# User Manual For Precision Matthews PM30MV or Weiss WMD30LV Milling Machine



## Railway Bob (Sep 7, 2013)

In the process of getting a Craftex CX601 milling machine.  I'd like to supplement the CX601 user manual with other information that might also be relevant from other similar milling machines, particularly the Precision Matthews PM30MV or the Weiss WMD30LV milling machines.  However, I can't find links to the two above-mentioned mills.  

Can someone direct me to a website where I might find these user manuals or to websites that would have a good user manual?  Any help would be appreciated.  

Bob M.


----------



## Dunc1 (Sep 8, 2013)

I had posted earlier to get the PM manual for the PM lathe that is similar to my Busy Bee B2227L but was told that if I had one manual then I had the other.

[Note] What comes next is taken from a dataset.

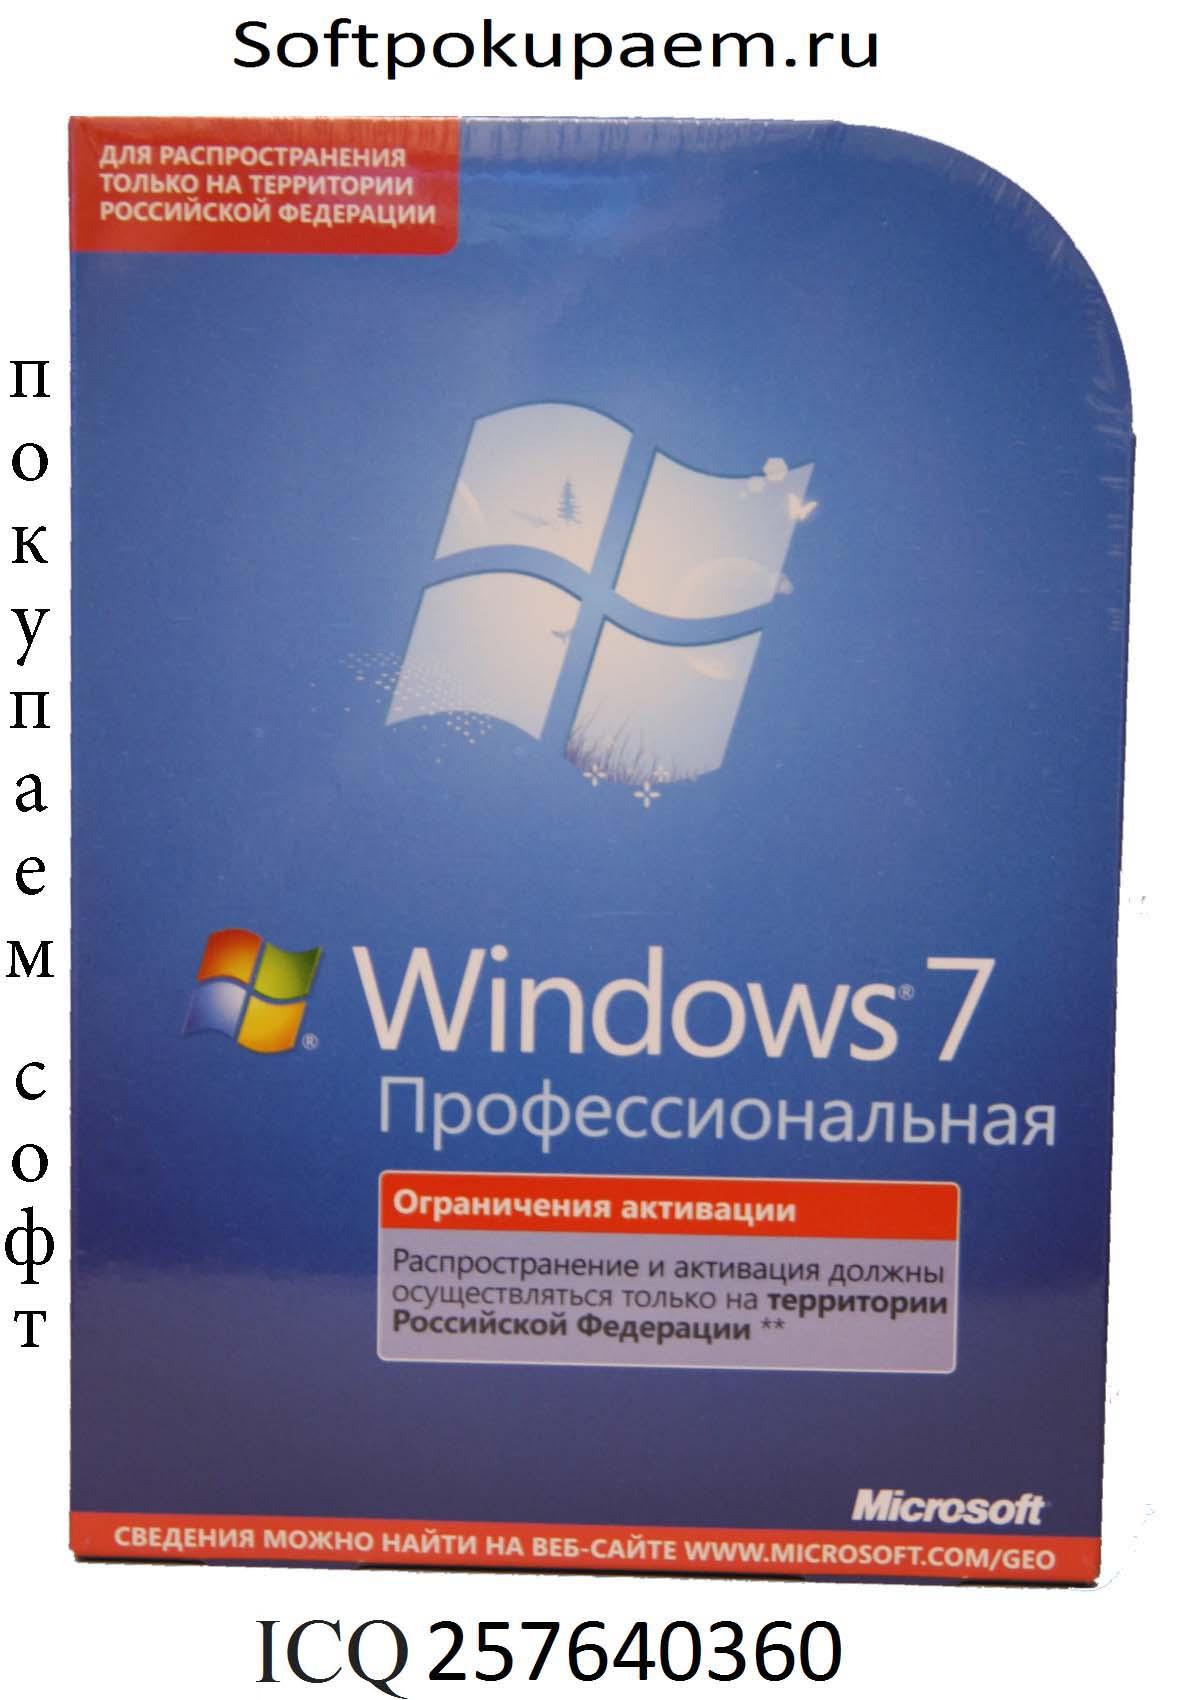 Microsoft (Майкрософт) купим оперативно и дорого лицензионное программное обеспе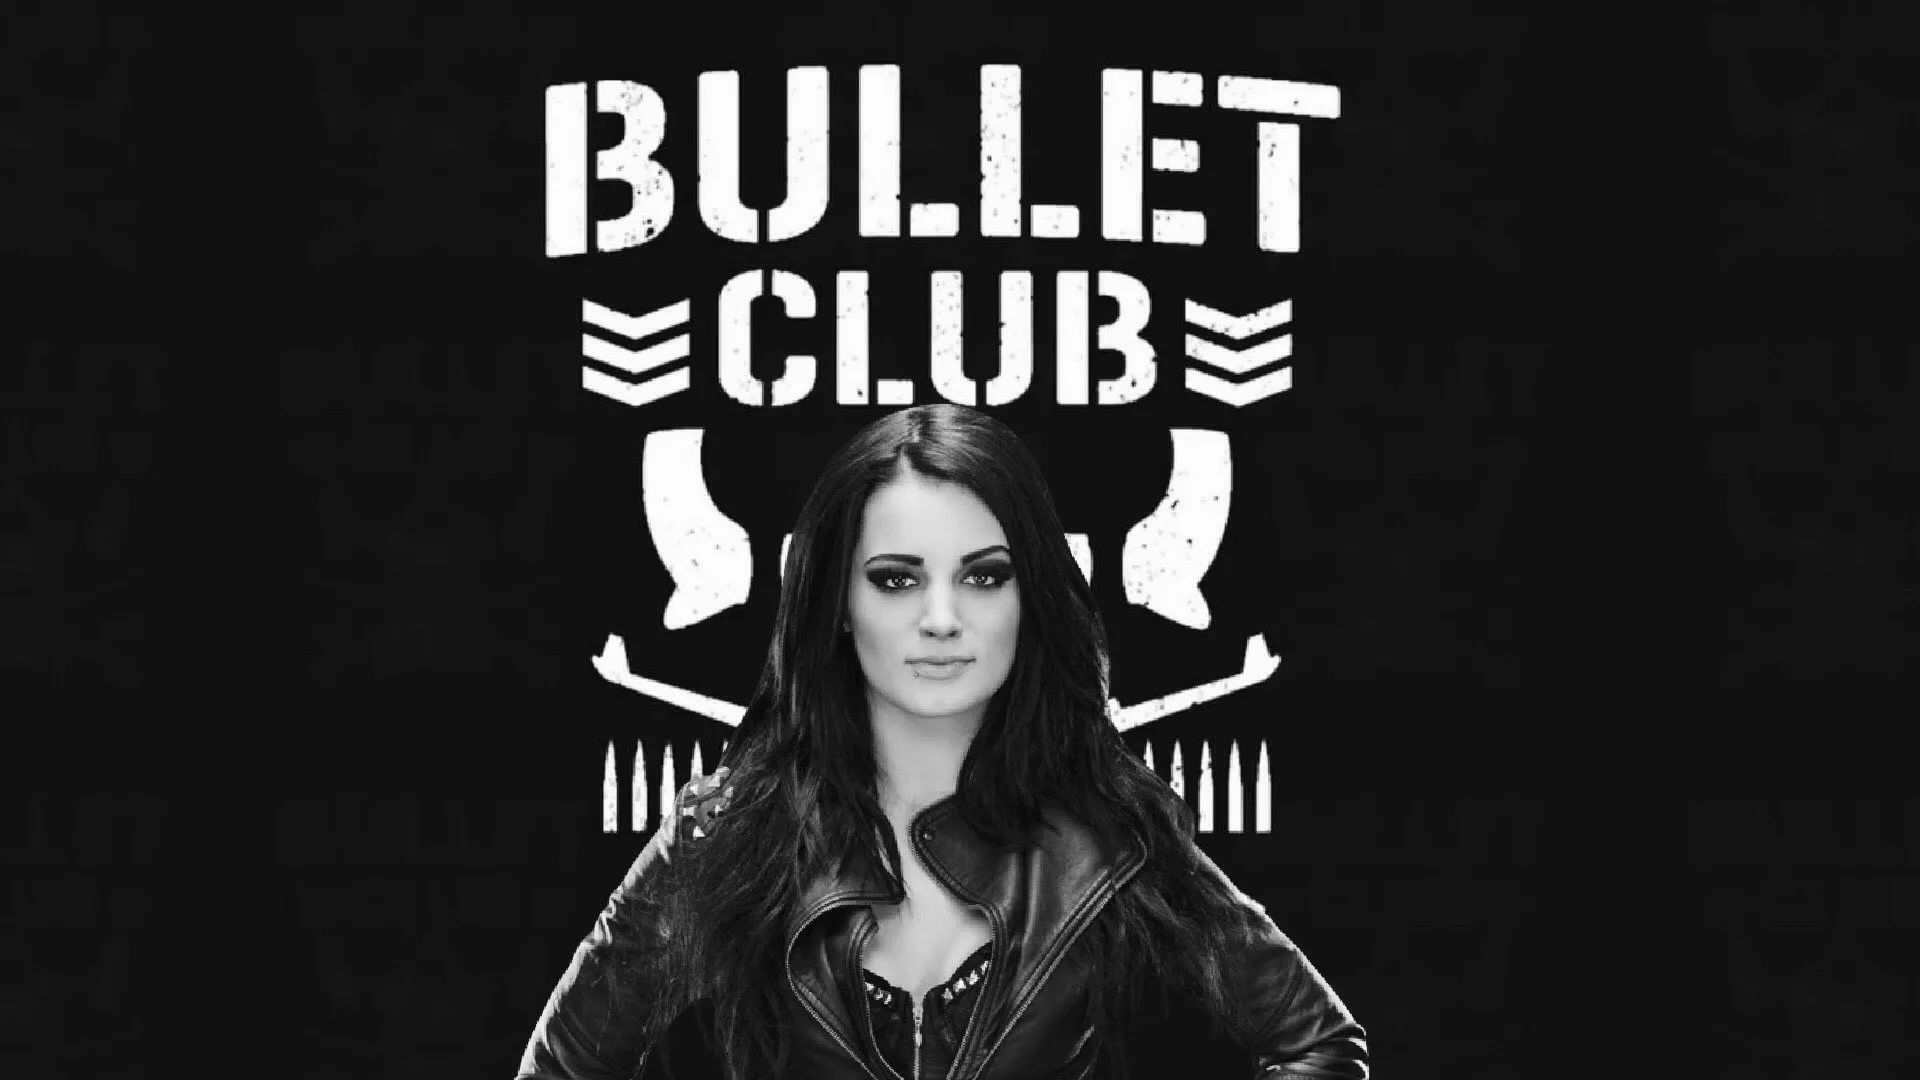 Bullet Club screen wallpaper

These manuals seem to be generic.

That said, if I am wrong & the PM manual is a lot beefier then I may go on the hunt again.


----------



## Ray C (Sep 8, 2013)

Hold on... I'll see what Matt has for these.

Ray


----------



## Railway Bob (Sep 9, 2013)

Hello Dunc.  When I got my Craftex B2227L metal lathe, I took a manual (don't remember who's) and "updated" it with the Craftex stuff.  If you want a copy, direct me to where I can upload on the forum.  

Bob M. 

PS - Where in Ottawa?  Me, I'm in Richmond.


----------



## Dunc1 (Sep 9, 2013)

@ RailwayBob

Sent you a pm


----------



## Ray C (Sep 9, 2013)

If this is of any help to anyone, there is the combined manual for the 20-30 series (even though the file name just mentions 20 and 25).  If someone needs information about the machine in general, I could ask Matt for you as, he knows these machines very well -and it doesn't make a difference if you're a customer of his or not.  He really tries to help folks with machinery questions...


View attachment PM20&25MV Manual.pdf


Ray


----------